Awesome species and great pics too. This is a fun species of true to keep. 

I caught a gravid female a few miles from my home last year. She produced two sacs which I allowed to hatch and released into a marshland near my house. It was a newly created habitat (construction) so I figured it could use some predators. The nursery webs they make are so cool!


----------



## Malhavoc's (May 19, 2010)

Actualy most true spiders I deal with, have the mature palps before maturity but at that size it does sound mature ish, they are wonderful specimens quite personality inspired little buggers. I hope you enjoy them


----------



## Crysta (May 19, 2010)

hehe yeah they are very beautiful! Ill be shipping her out to someone after I mate her, he wants to give a go at rearing the young. I've done it before, but mannn I hate fruit flies, and springtails lol...

really malhavoc? awesome! That's something I never knew, I always went out and just caught a male I found and 'threw' it to the female ahhaha


----------



## Malhavoc's (May 19, 2010)

The species I know that have the enlarged bulbs prior to molts are:
The typical grass spider
The little theridea *Spelling) cobweb spiders.
 Fishingnurse web spiders.
and most local of wolf spider roun' here.

Nice to see another prominant canadian. seen you poppin up all over the boards.

A good way to tell maturity is initial responses to female just keep an eye on it they will begin to court very quickly-and as far as rearing, if I recall correctly these species have the mothering habbits of a Nursery web spider, so not sure you will want to seperate them till 2i or 3i


----------



## Crysta (May 19, 2010)

*pop*

I see you everywhere too haha. 

Hmm, I guess I need to keep more true spiders  I will be waiting till I get to vancouver for that though. Get myself more tarantulas and centipedes too. I am also considering getting Tribolonotus Gracilis very beautiful dragon like appearence. 

Yep, you can really tell when females are ready. ( I keep the males beside her enclosure, poor guys always gettin' a view. haha I have two males incase once turns into dinner haha)
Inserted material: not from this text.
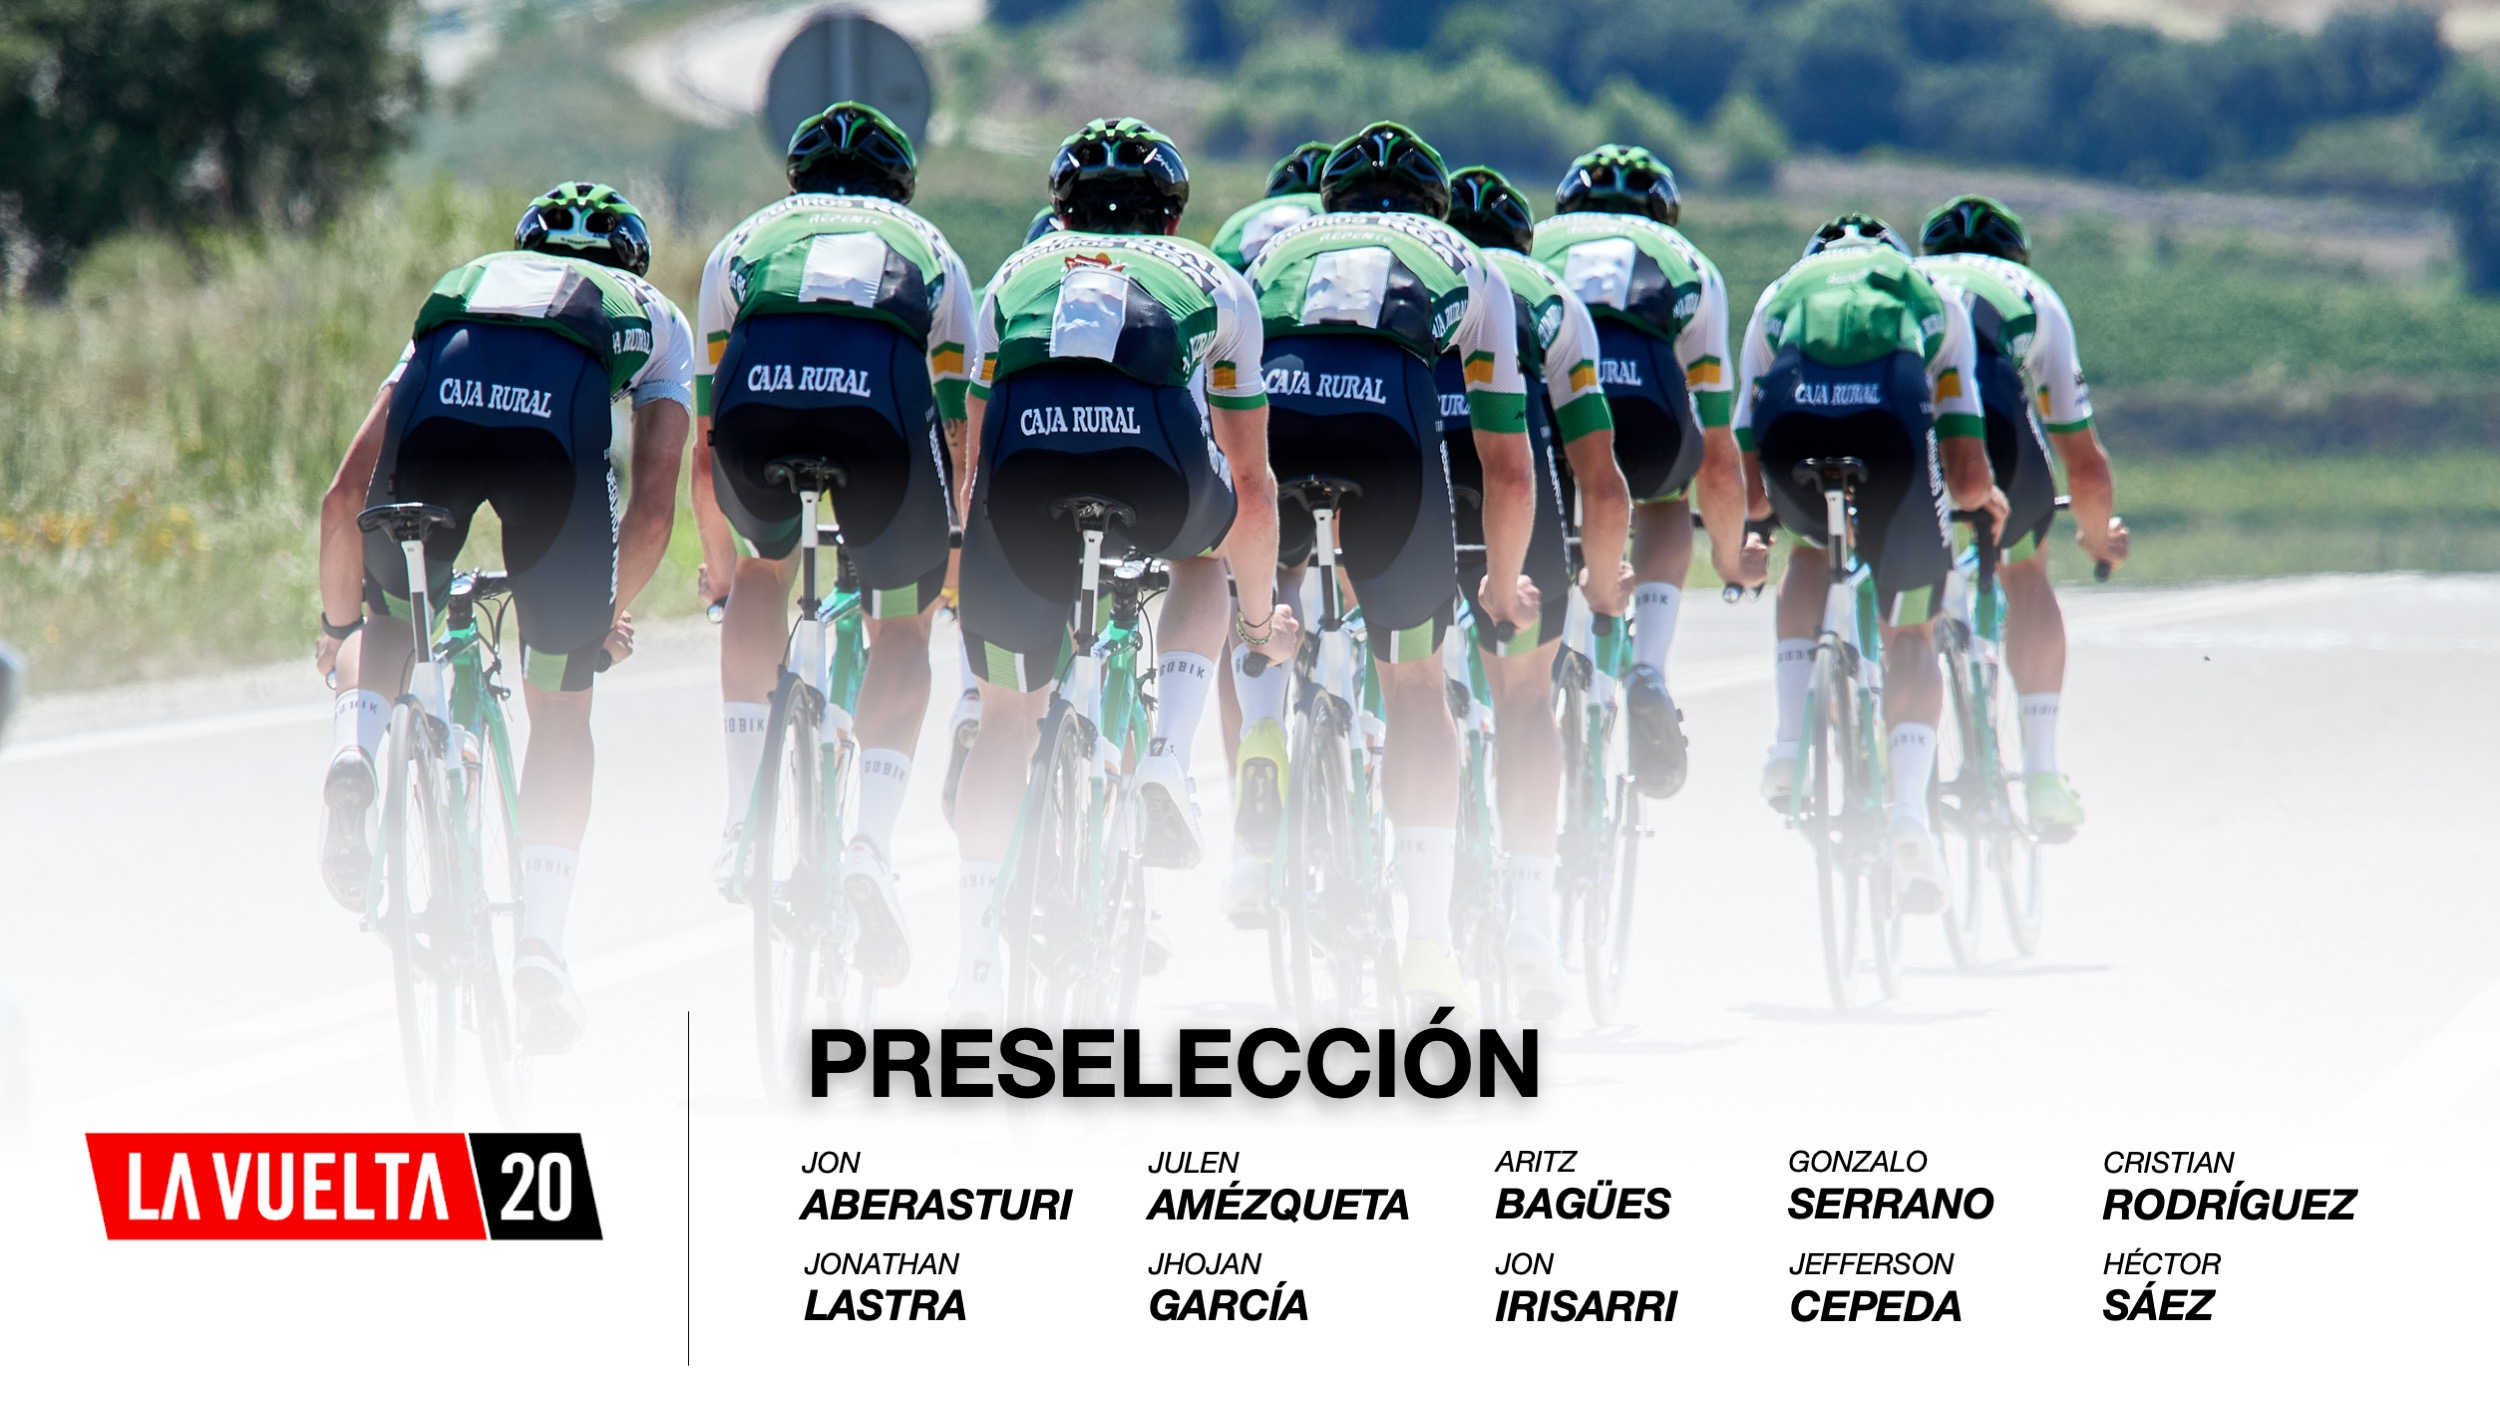 Diez candidatos para el ocho final en la Vuelta a España

Yep they do, these guys carry the sack inside their mouths for about four weeks. They actually hunt and drink water (well my last one did). You can keep them together until about 3 instar, they will kill prey that gets caught in the web and will eat it together, but after that they will disperese.....through every hole! lol. It amuses me that the mother is overly protective of the instars when they hatch, I have a scare from opening her container during that period.. oow. 
thanks for all the info!


----------



## TheTyro (May 19, 2010)

The males have the cutest little faces. I always find it amusing that the females get the ferocious end of the stick, while the boys look like kittens. 

Great photos!


----------



## Widowman10 (May 19, 2010)

in some species, you can tell the males apart because of the enlarged palps. in widows, the palps will be swollen in the antepenultimate stage, get bigger in the penultimate stage, and then be ready for breeding and loading in the ultimate stage. 
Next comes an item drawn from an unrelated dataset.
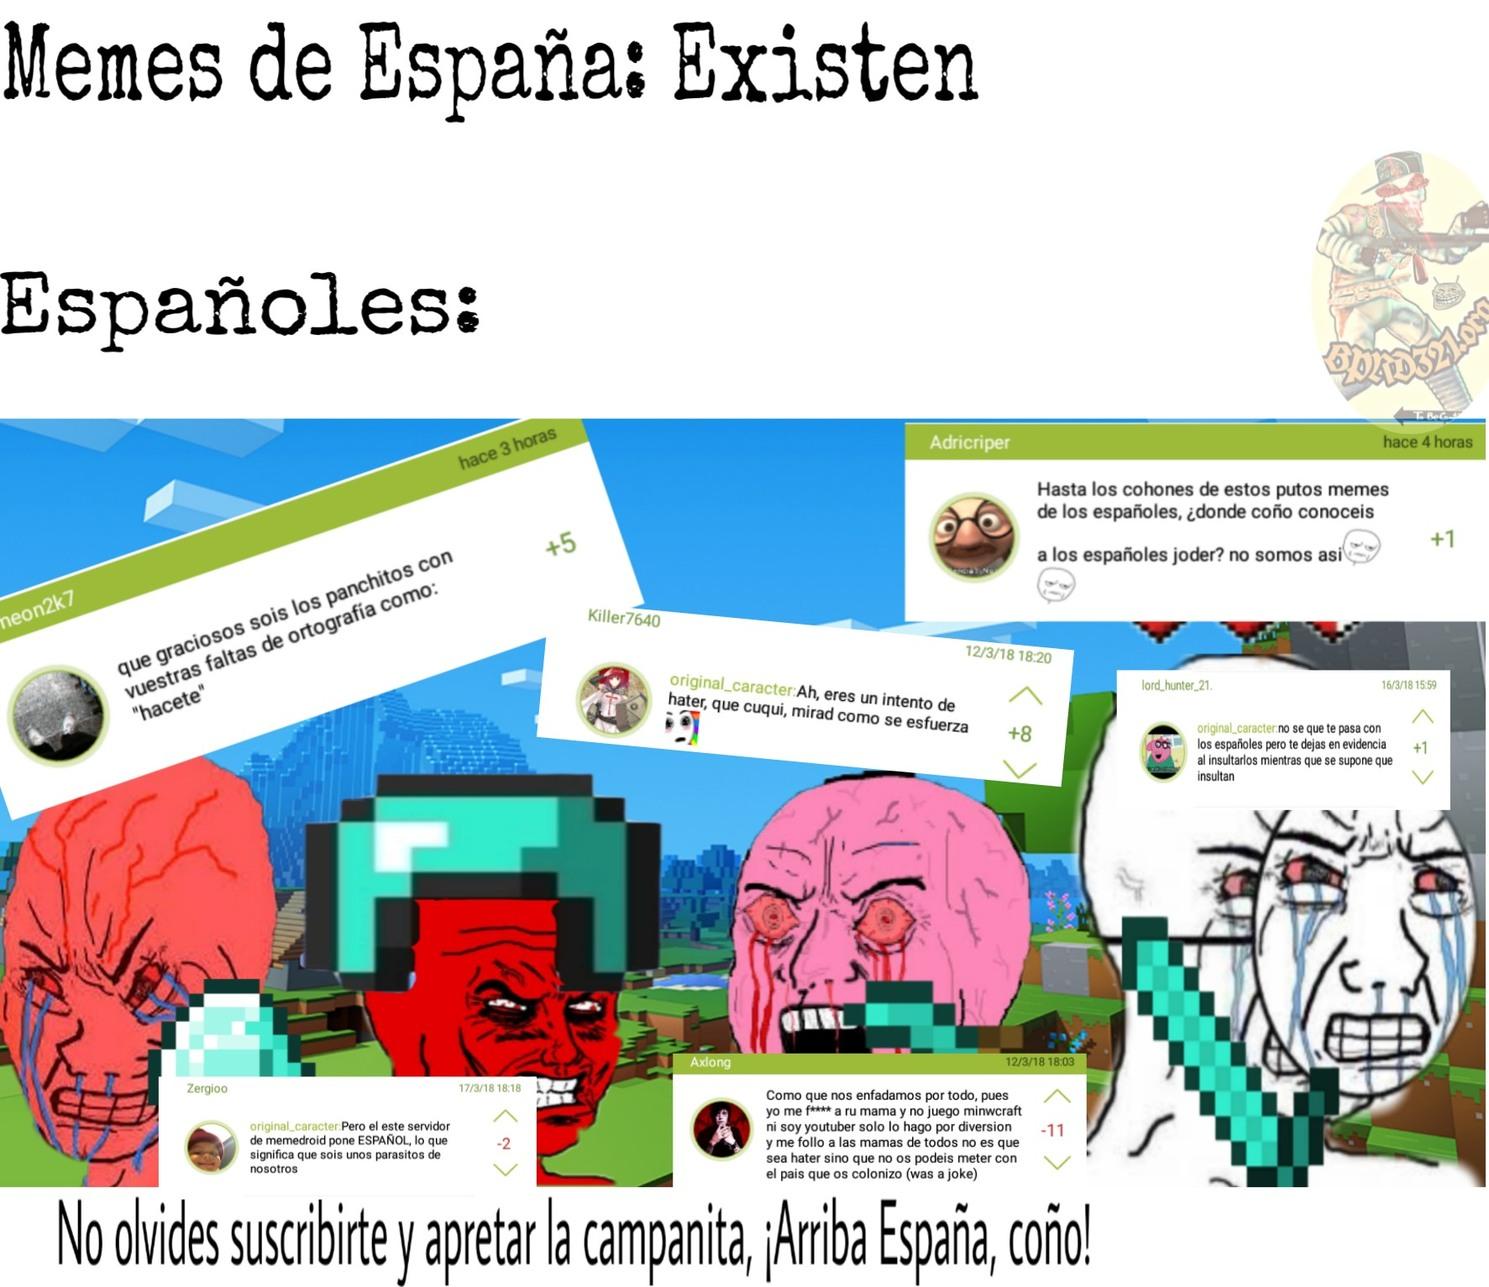 Noh teh Burlez de España, Panchitoh de Mierdah - meme

so, just 'cause you see enlarged palps, it doesn't necessarily mean it's mature. many times- yes, always- no.


----------



## Crysta (May 19, 2010)

Widowman10 said:


> in some species, you can tell the males apart because of the enlarged palps. in widows, the palps will be swollen in the antepenultimate stage, get bigger in the penultimate stage, and then be ready for breeding and loading in the ultimate stage.
> 
> so, just 'cause you see enlarged palps, it doesn't necessarily mean it's mature. many times- yes, always- no.


 They just can't wait to show them off, can they?
Hmm I don't think I will be keeping widows, ill admit they are cool, I just like bigger spiders that don't make webs. 
well... maybe I like avicularia.. but... that doesn't count! lol


----------



## Malhavoc's (May 19, 2010)

fairly certian whipping it out for all to see how big it is starts long before they can usei t, and is deffiantly a trait between many..many..species upon this globe.

Speaking of big spiders that don't make webs, tried any of the larger lycosea?

or whats that one, the origional 'tarantella' sp. God my books are so out of date I wont even begin to see how many times the latin names have changed...

btw on topic, do you collect them literarly on the water? do you offer any water for hunting? mosto f mie I find under bark on fallen trees near the local river rather then actualy in or on the water.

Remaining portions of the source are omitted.